Exercise brief:
Everything in the listing beneath must be transcribed exactly.

Start of Block

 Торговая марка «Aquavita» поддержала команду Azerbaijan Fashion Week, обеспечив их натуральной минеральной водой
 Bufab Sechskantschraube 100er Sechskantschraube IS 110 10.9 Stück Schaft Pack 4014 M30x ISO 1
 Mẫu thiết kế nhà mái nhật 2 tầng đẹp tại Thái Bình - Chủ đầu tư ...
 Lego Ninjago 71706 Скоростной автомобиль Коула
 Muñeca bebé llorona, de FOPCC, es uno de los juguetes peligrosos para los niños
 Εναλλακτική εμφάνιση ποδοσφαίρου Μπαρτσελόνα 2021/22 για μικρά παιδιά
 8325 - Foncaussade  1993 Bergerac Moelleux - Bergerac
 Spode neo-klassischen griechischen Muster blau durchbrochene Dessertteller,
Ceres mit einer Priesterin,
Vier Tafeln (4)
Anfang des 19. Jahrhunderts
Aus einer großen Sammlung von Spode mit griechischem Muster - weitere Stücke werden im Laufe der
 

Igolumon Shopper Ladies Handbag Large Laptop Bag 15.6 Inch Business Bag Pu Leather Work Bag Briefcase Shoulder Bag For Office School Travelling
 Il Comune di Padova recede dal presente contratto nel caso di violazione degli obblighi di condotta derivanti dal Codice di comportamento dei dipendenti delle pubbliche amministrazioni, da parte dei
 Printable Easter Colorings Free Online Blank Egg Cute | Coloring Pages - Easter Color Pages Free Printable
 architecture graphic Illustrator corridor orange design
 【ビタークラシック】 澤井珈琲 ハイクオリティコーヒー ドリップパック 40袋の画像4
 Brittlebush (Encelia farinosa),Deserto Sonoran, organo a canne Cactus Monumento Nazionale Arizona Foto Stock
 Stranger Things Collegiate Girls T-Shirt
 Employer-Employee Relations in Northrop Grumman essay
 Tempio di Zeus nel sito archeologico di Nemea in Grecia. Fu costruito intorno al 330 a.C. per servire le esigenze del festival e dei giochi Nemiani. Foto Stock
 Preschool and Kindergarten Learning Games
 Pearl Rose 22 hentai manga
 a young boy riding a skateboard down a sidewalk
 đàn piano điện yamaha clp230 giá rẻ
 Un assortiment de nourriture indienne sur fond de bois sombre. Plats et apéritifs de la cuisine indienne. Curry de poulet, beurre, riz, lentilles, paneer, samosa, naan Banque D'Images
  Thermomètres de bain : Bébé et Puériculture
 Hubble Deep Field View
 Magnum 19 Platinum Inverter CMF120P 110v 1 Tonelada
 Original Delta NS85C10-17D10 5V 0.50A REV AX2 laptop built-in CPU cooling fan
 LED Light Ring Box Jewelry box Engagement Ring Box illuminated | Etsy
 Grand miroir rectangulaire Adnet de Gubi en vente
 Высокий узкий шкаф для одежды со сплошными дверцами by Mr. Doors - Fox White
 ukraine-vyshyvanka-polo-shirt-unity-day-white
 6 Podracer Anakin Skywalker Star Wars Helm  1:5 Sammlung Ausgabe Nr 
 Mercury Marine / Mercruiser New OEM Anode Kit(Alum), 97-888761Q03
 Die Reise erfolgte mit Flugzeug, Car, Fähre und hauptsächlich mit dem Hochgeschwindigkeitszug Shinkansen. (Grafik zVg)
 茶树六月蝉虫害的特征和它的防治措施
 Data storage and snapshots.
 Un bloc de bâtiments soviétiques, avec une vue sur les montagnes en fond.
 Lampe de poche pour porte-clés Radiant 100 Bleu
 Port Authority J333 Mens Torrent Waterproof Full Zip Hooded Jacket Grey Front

End of Block

Answer:
 Торговая марка «Aquavita» поддержала команду Azerbaijan Fashion Week, обеспечив их натуральной минеральной водой
 Bufab Sechskantschraube 100er Sechskantschraube IS 110 10.9 Stück Schaft Pack 4014 M30x ISO 1
 Mẫu thiết kế nhà mái nhật 2 tầng đẹp tại Thái Bình - Chủ đầu tư ...
 Lego Ninjago 71706 Скоростной автомобиль Коула
 Muñeca bebé llorona, de FOPCC, es uno de los juguetes peligrosos para los niños
 Εναλλακτική εμφάνιση ποδοσφαίρου Μπαρτσελόνα 2021/22 για μικρά παιδιά
 8325 - Foncaussade  1993 Bergerac Moelleux - Bergerac
 Spode neo-klassischen griechischen Muster blau durchbrochene Dessertteller,
Ceres mit einer Priesterin,
Vier Tafeln (4)
Anfang des 19. Jahrhunderts
Aus einer großen Sammlung von Spode mit griechischem Muster - weitere Stücke werden im Laufe der
 

Igolumon Shopper Ladies Handbag Large Laptop Bag 15.6 Inch Business Bag Pu Leather Work Bag Briefcase Shoulder Bag For Office School Travelling
 Il Comune di Padova recede dal presente contratto nel caso di violazione degli obblighi di condotta derivanti dal Codice di comportamento dei dipendenti delle pubbliche amministrazioni, da parte dei
 Printable Easter Colorings Free Online Blank Egg Cute | Coloring Pages - Easter Color Pages Free Printable
 architecture graphic Illustrator corridor orange design
 【ビタークラシック】 澤井珈琲 ハイクオリティコーヒー ドリップパック 40袋の画像4
 Brittlebush (Encelia farinosa),Deserto Sonoran, organo a canne Cactus Monumento Nazionale Arizona Foto Stock
 Stranger Things Collegiate Girls T-Shirt
 Employer-Employee Relations in Northrop Grumman essay
 Tempio di Zeus nel sito archeologico di Nemea in Grecia. Fu costruito intorno al 330 a.C. per servire le esigenze del festival e dei giochi Nemiani. Foto Stock
 Preschool and Kindergarten Learning Games
 Pearl Rose 22 hentai manga
 a young boy riding a skateboard down a sidewalk
 đàn piano điện yamaha clp230 giá rẻ
 Un assortiment de nourriture indienne sur fond de bois sombre. Plats et apéritifs de la cuisine indienne. Curry de poulet, beurre, riz, lentilles, paneer, samosa, naan Banque D'Images
  Thermomètres de bain : Bébé et Puériculture
 Hubble Deep Field View
 Magnum 19 Platinum Inverter CMF120P 110v 1 Tonelada
 Original Delta NS85C10-17D10 5V 0.50A REV AX2 laptop built-in CPU cooling fan
 LED Light Ring Box Jewelry box Engagement Ring Box illuminated | Etsy
 Grand miroir rectangulaire Adnet de Gubi en vente
 Высокий узкий шкаф для одежды со сплошными дверцами by Mr. Doors - Fox White
 ukraine-vyshyvanka-polo-shirt-unity-day-white
 6 Podracer Anakin Skywalker Star Wars Helm  1:5 Sammlung Ausgabe Nr 
 Mercury Marine / Mercruiser New OEM Anode Kit(Alum), 97-888761Q03
 Die Reise erfolgte mit Flugzeug, Car, Fähre und hauptsächlich mit dem Hochgeschwindigkeitszug Shinkansen. (Grafik zVg)
 茶树六月蝉虫害的特征和它的防治措施
 Data storage and snapshots.
 Un bloc de bâtiments soviétiques, avec une vue sur les montagnes en fond.
 Lampe de poche pour porte-clés Radiant 100 Bleu
 Port Authority J333 Mens Torrent Waterproof Full Zip Hooded Jacket Grey Front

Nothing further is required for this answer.